A special episode of The Reader podcast on this newest guide to Calderstones’ plants and trees from across the globe will be released this week and features interviews with representatives from Japan Society North West and the Chinese Wellbeing Society, as well as music and poetry from around the world.

Frances Macmillan, Head of Literary Content at The Reader, said: “This latest episode weaves together literature and stories about the wonderful trees surrounding Calderstones Mansion House.” For more information and to listen online visit here.

TIMELINE: Collecting plants and trees for Calderstones

  • Calderstones Mansion House was built in 1828 as the family home of Joseph Need Walker, a successful lead shot manufacturer. The house and gardens were designed to signal the status of the Walker family and showcase their wealth and fashionable taste.
  • We can trace the popularity of landscape gardening and exotic flora back a century and more before Joseph’s birth in 1790; as soon as European ships began to travel further afield and land in new countries, seeds and plants had been brought back to Britain.
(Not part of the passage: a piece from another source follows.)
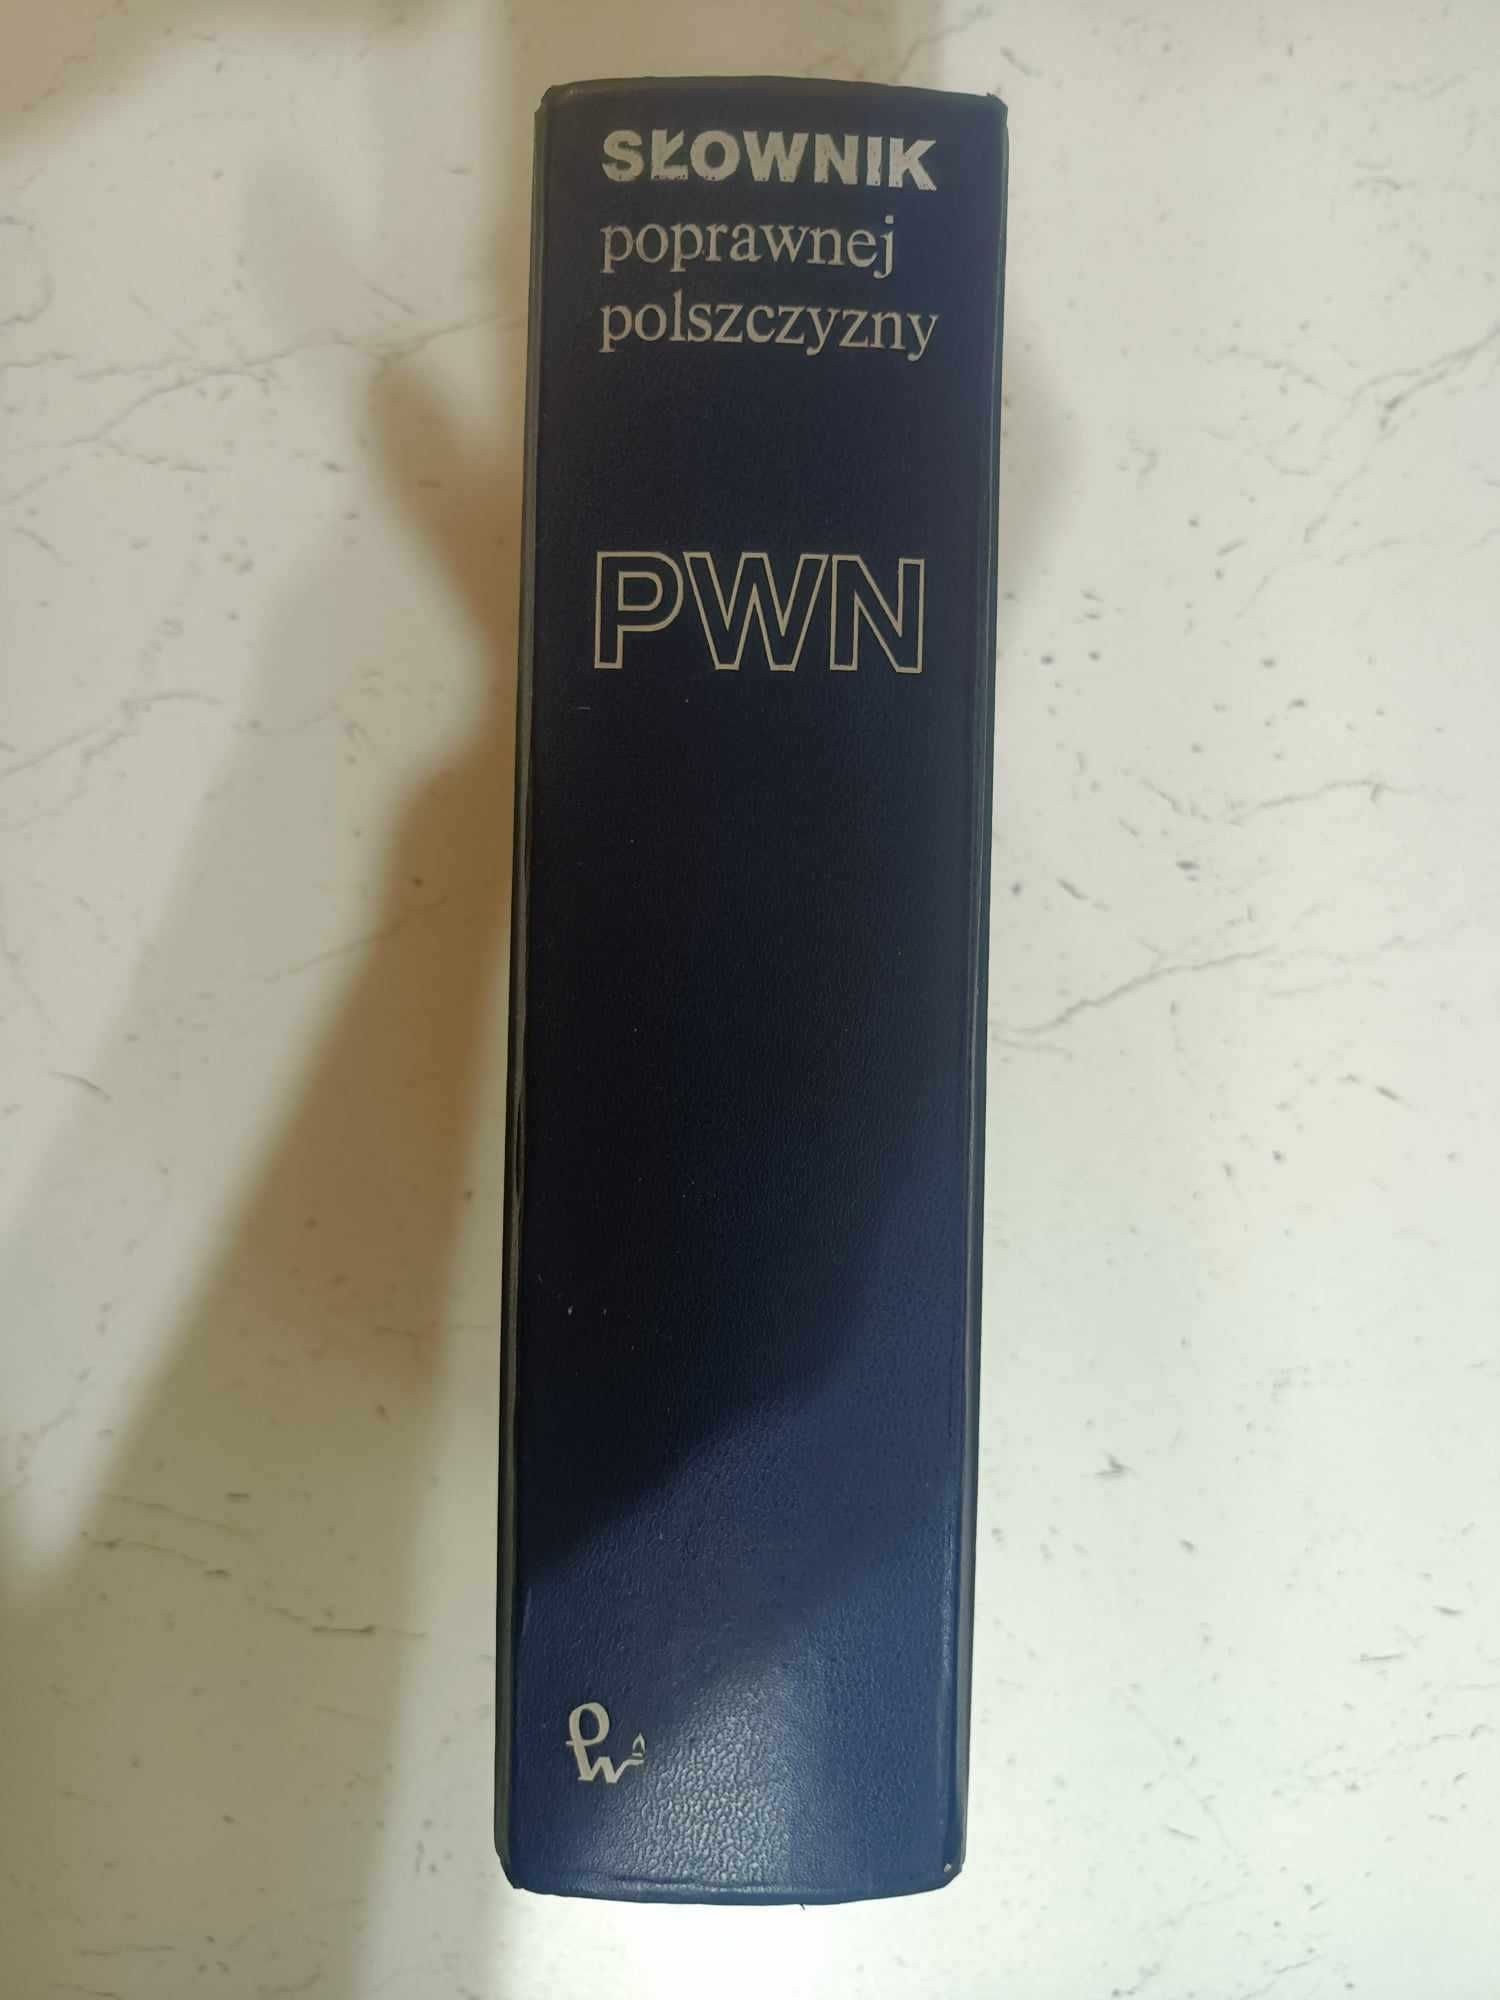 Słownik Ortograficzny Poprawnej Polszczyzny PWN

But during the 18th and 19th century botany and plant collecting became popular pursuits of the British upper classes.
  • When Joseph Need Walker’s son Henry put Calderstones Mansion up for sale in 1872, the grounds featured almost as prominently in the description as the house. Joseph had built up an impressive collection of specimen trees and shrubs and employed a talented gardener, Alexander Morton, to nurture the exotic fruits and flowers.
  • The Mansion House was bought in 1875 by Charles MacIver, a Liverpool shipping magnate who, with his partner Samuel Cunard, established the British and North American Royal Steam Packet Company, later known as the Cunard line. The MacIver family were to continue plant collecting, with perhaps even more enthusiasm, adding many of the trees that shape Calderstones landscape today.
  • The Calderstones estate was sold to the Liverpool Corporation in 1902. During the First and Second World Wars the park land was used to grow crops and help feed Britain's population.
  • In 1951 Calderstones Park housed Liverpool Botanic Garden, and its collection of rare plants and trees from around the world was enlarged by additions from private and professional plant collectors from Kew, Cambridge, Edinburgh and Glasgow Botanic Gardens.

(Extract: The Reader’s Around the World with the Trees of Calderstones Park heritage anthology)

The ‘Plants and Trees Around the World’ map is free and available across the Calderstones Park Mansion House site and in The Reader Bookshop.

Copies of ‘Around the World with the Trees of Calderstones Park’ book cost £3 or pay what you can and are available at the Welcome Desk at The Mansion House and in The Reader Bookshop, Calderstones Park, Liverpool.